「伊能忠敬」展が神戸市立博物館で開催されていた。伊能図を上呈して200年を記念しての展示会となっている。子供連れが多く来ていたが、今やGoogleMAPがないと不便を感じる(昭和生まれの)スマホユーザーたちが、伊能忠敬の足跡と細かく書かれた地図を見て、すごいとの感想が次々に漏れていた。だが、再現しようとは誰も考えていなかったことだけは間違いない。
まず、伊能忠敬は日記をつけて測量に取り組んでいたので、いつどの場所で計測したかが残っていた。道具は辺りまでだがアナログのものばかりで、文字通り足で稼いだ測量であったことが分かる。さらに、この測量自体が自費(家業を隠居した際の慰労金?)で活動していたのだから驚く。彼は何をもってそこまで駆り立てたのかが全く理解できない。

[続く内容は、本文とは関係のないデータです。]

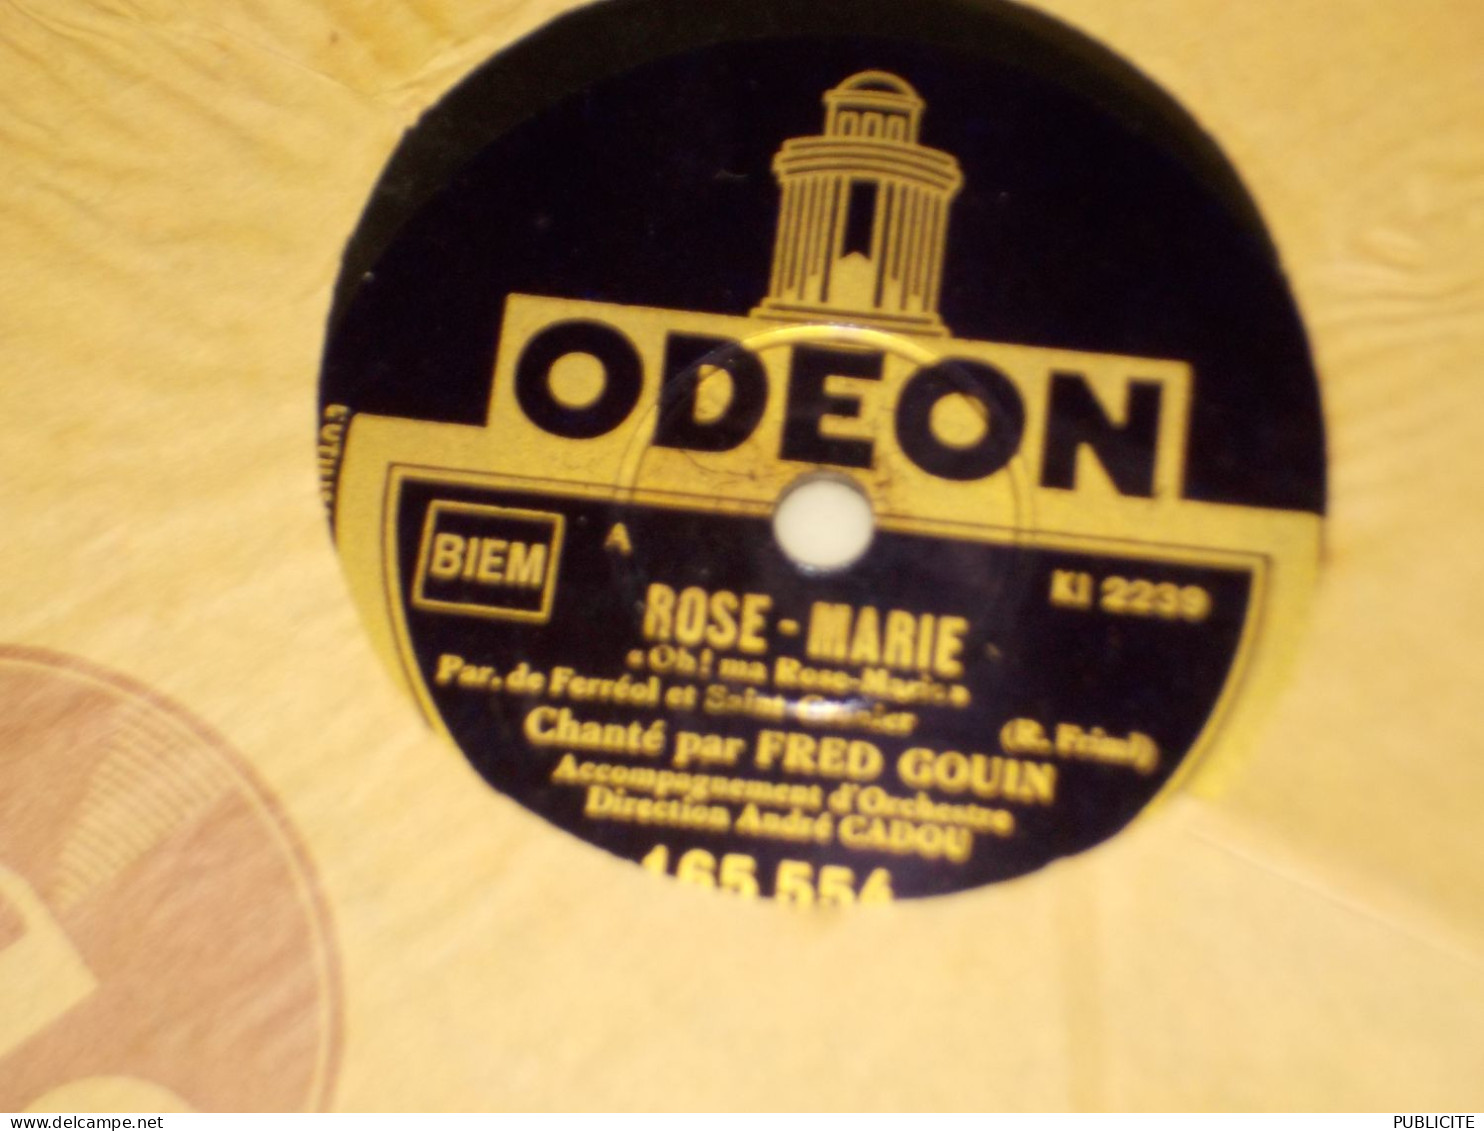 DISQUE 78 TOURS VINYL CHANTE PAR FRED GOUIN 1927 - 78 T - Disques Pour Gramophone

しかし、この測量への情熱がやがて幕府に認められ日本全土を測りまくることにつながり、それを地図へと落とし込んだ。まさに前代未聞の作業であったことは想像できる。
この地図が西洋へと渡り、日本の底知れる粘り強さの一端を見せたことで、明治維新の時に植民地にされなかったとも言われている。伊能忠敬のおかげで今日の日本があるのかもしれない。
さて、展示はご当地である神戸が載っている瀬戸内の地図を展示していた。大きさだと両界曼荼羅図ぐらい大きな紙に西日本全体が描かれていた。そこに地域名を示す文字が細かく書かれているため、子供と年寄りが口々にどこにその文字があるかと聞いていた。望遠鏡を準備して見に行くことをお勧めしたい。
色々な地域の地図が展開されていたのだが、何点か観ている内に食傷気味になってきて、飽きてくる。変化がほぼない地図を観ているのだから仕方ない。地図にある地域で同時代に使用されていた古民具などを展示する変化があっても面白かったかもしれない。